Com o avançar da idade vais mudando algumas perspetivas.

Quando era mais novo usava sapatilhas, nunca gostei muito de dizer ténis, porque não gostava de mais nenhum calçado costumava inventar desculpas do tipo: apertam-me, magoam-me no calcanhar e mais umas quantas que, então, me viessem à imaginação.

A minha mãe ficava aborrecida, pois, as botas estavam novas e era uma pena não as usar. Mas qual quê… o pé fugia-me para a sapatilha que era um rápido.

Mas a minha maior e mais suprema indignação era com as sandálias.

-Olha que bem que te ficam! – dizia a minha mãe em mais uma infindável tentativa de me convencer a calçar umas sandalinhas com tiras e uma fivelinha dourada para apertar.

Pronto, lá acabava por fazer o sacrifício de as calçar uma ou duas vezes até que a bendita fivela um dia rebentou. A minha mãe ainda disse que tinham conserto.
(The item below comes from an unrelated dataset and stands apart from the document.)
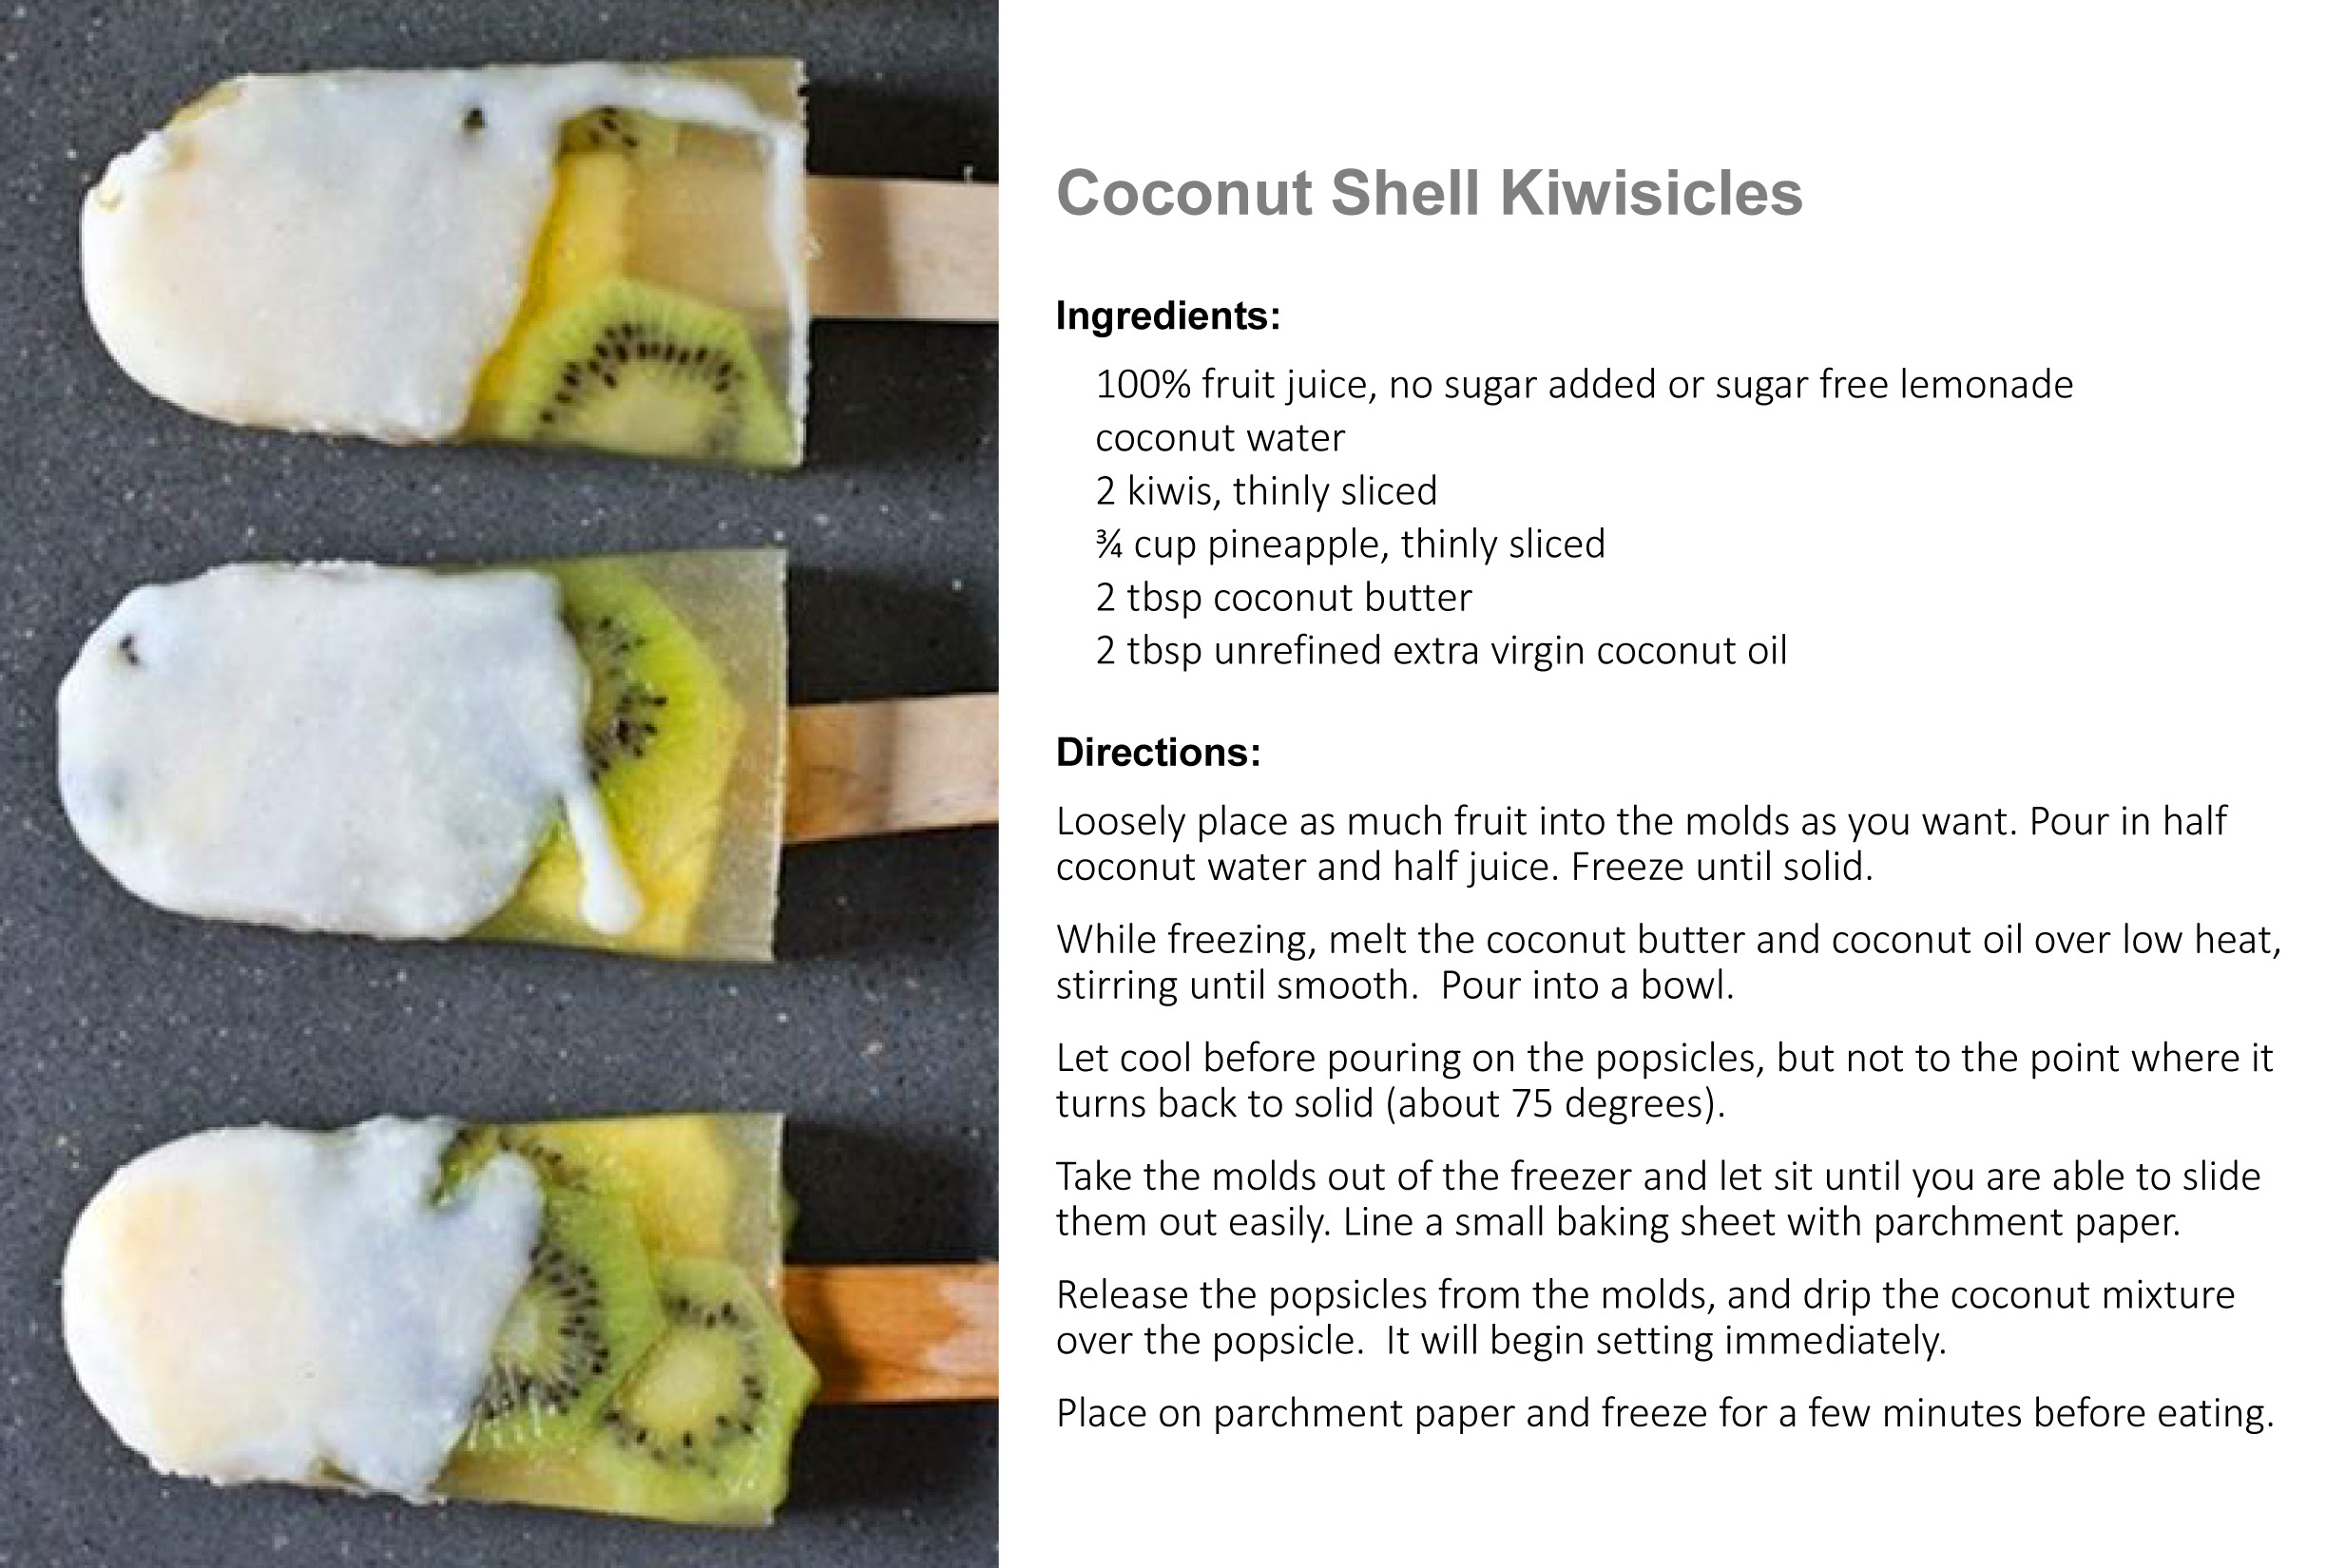 Amazing low carb coconut shell kiwisicles recipe 2447 x 1650 · 1341 kB · jpeg

Para mal dos meus pecados! Pensei em voz interior.

Tudo isto para vos dizer que alguns sapatos e botas que tenho são como certas pessoas: os primeiros maçam-me os pés, as segundas maçam-me a paciência, que com idade vai ficando mais curta.

Nos dias de hoje, uso de sapatilhas pelo conforto que dão, mas sem perder de vista o estilo com completam o vestuário!